Background: While clinical trials have shown that CXCR4 antagonists can enhance the efficacy of cancer immunotherapy, the molecular mechanisms by which CXCR4 modulates the tumor microenvironment remain poorly understood. We recently identified CXCR4 as a regulator of exhausted CD8⁺ T cell phenotypes in cancer. Here, we investigate its role in orchestrating regulatory T (T_reg) cell-mediated immunosuppression within tumors.
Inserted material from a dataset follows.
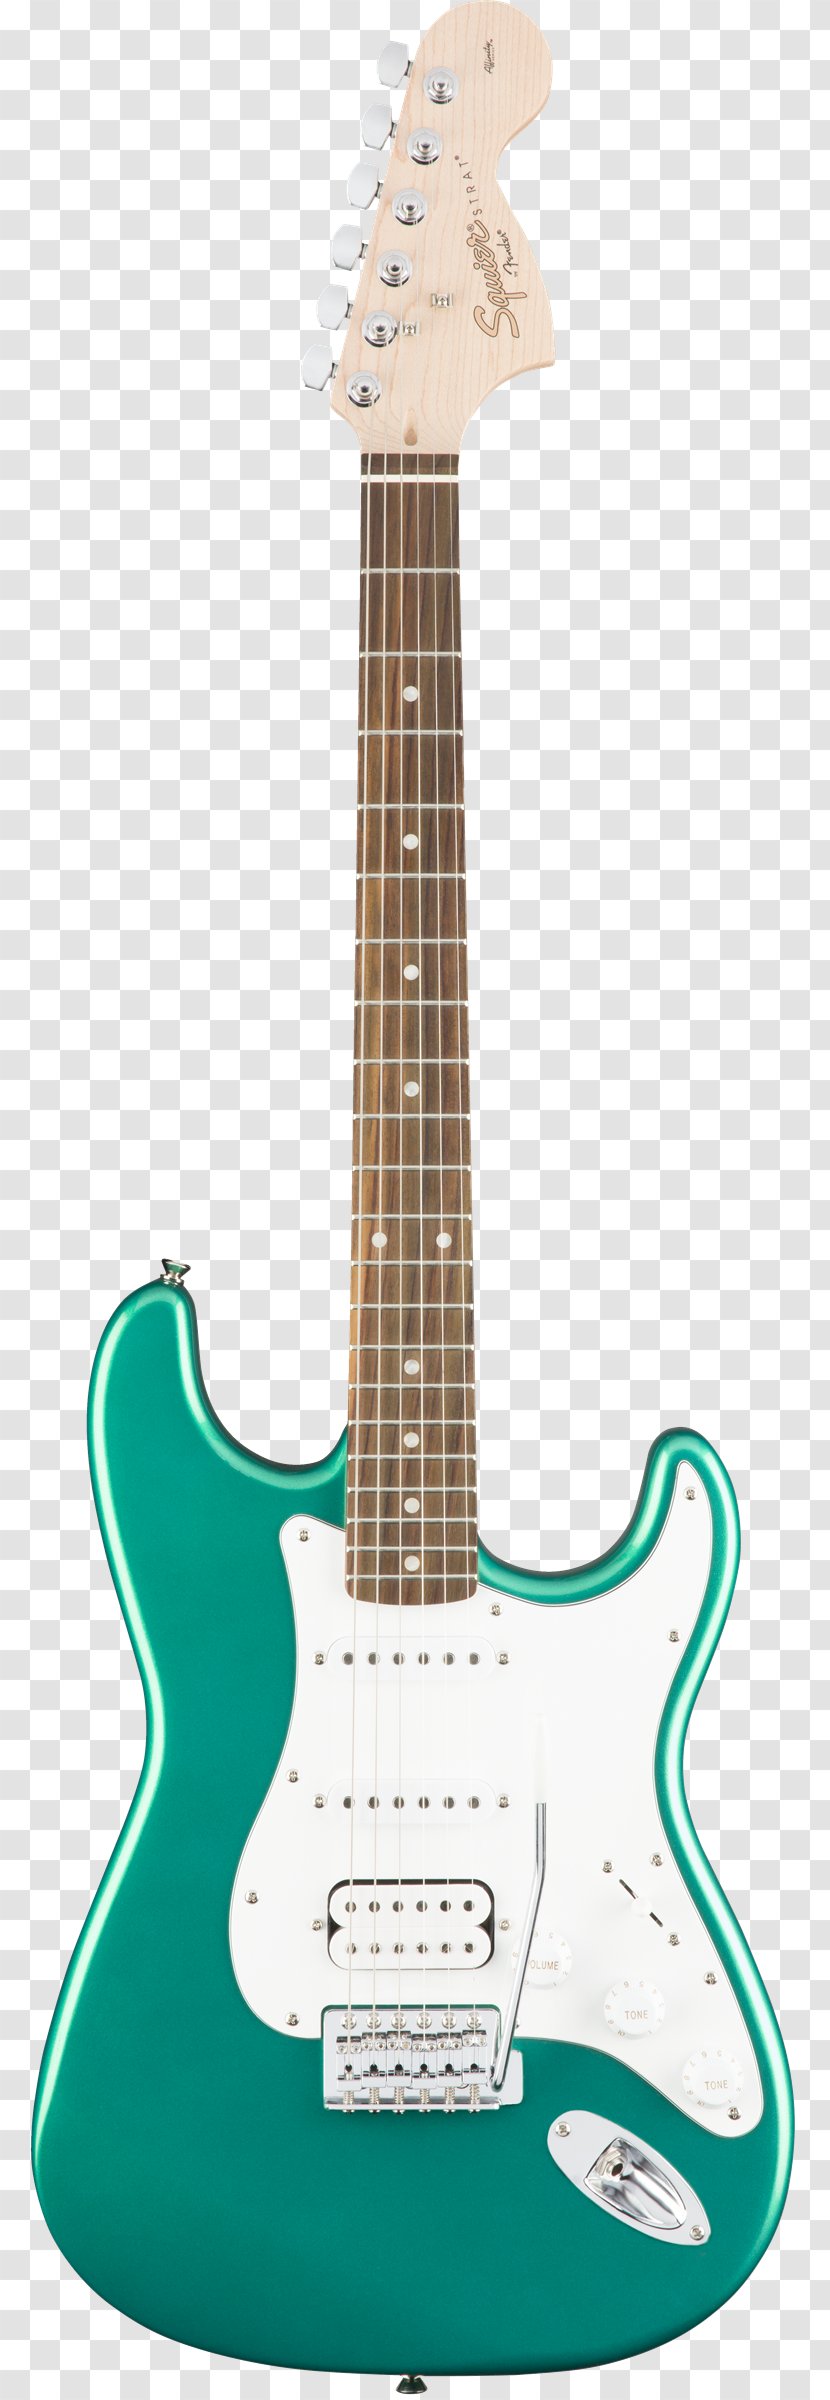 Fender Stratocaster Squier Musical Instruments Corporation Electric Guitar Fingerboard - Tree Transparent PNG
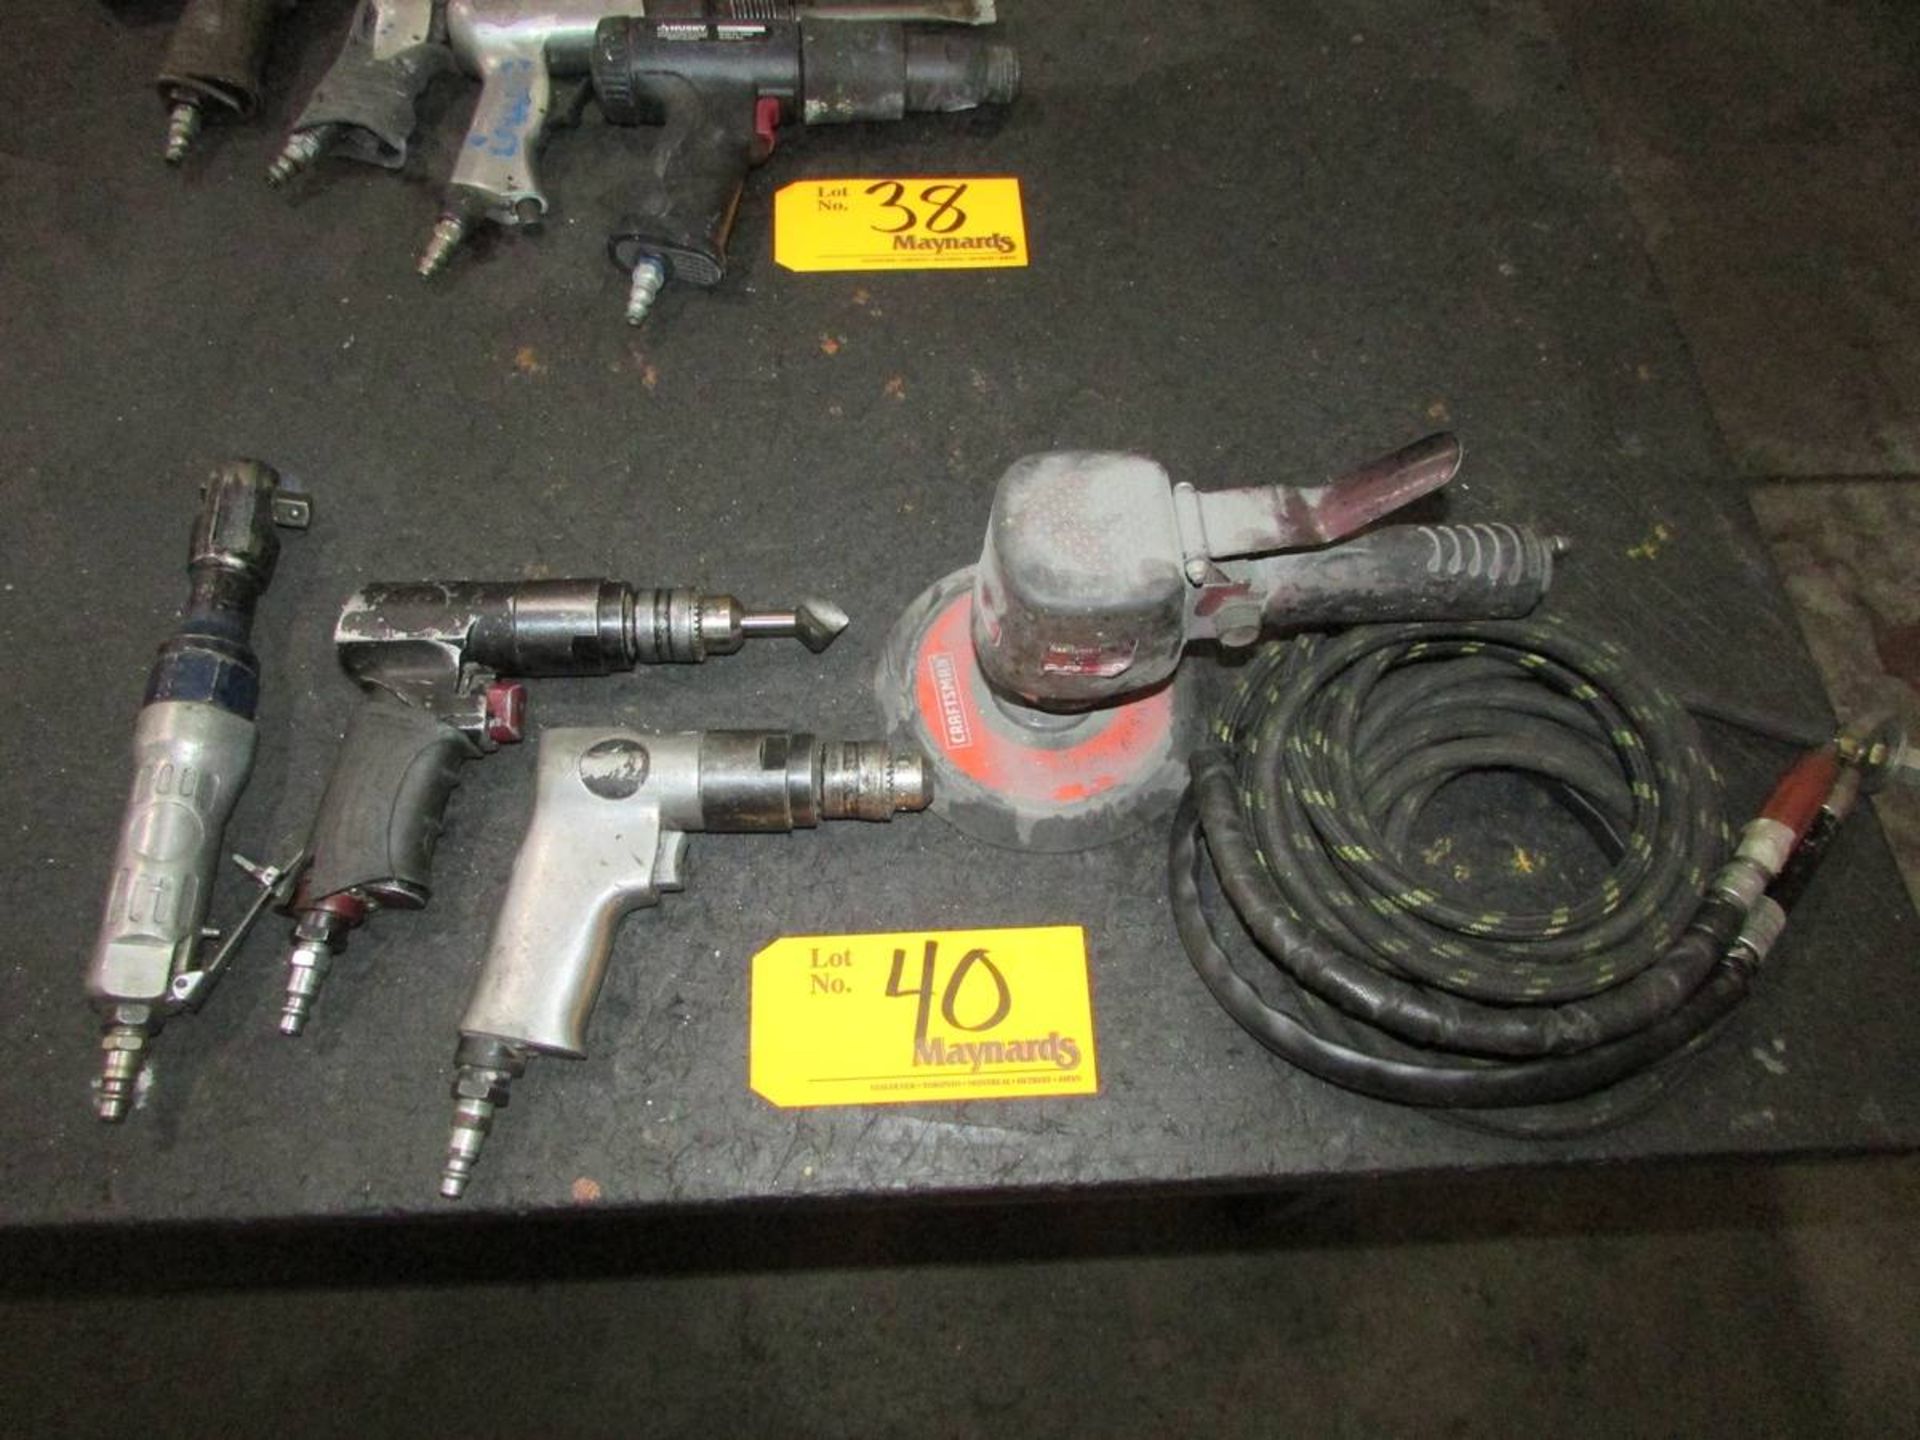 Assorted Pneumatic Power Tools

Methods: We conducted meta-analyses of single-cell RNA-seq datasets from pan-cancer tissues to characterize CXCR4 expression patterns in CD4⁺ T cells. Using CXCR4 antagonists and conditional knockout mice (Cxcr4^flox/flox, Lck^Cre), we inhibited T_reg phenotypes in vivo. Through single-cell transcriptomics and single-cell ATAC-seq of the cervical cancer mouse model, phosphoproteomics, and ChIP-seq analyses, we elucidated how CXCR4 blockade in CD4⁺ T cells suppresses activated T_reg phenotypes by modulating the Rho-GTPase/NF-κB signaling axis. We further integrated RNA-seq data, clinical trial datasets (NCT02826486 and NCT04516616), and human organoid models to validate the therapeutic potential of CXCR4 inhibition in enhancing antitumor immunotherapy.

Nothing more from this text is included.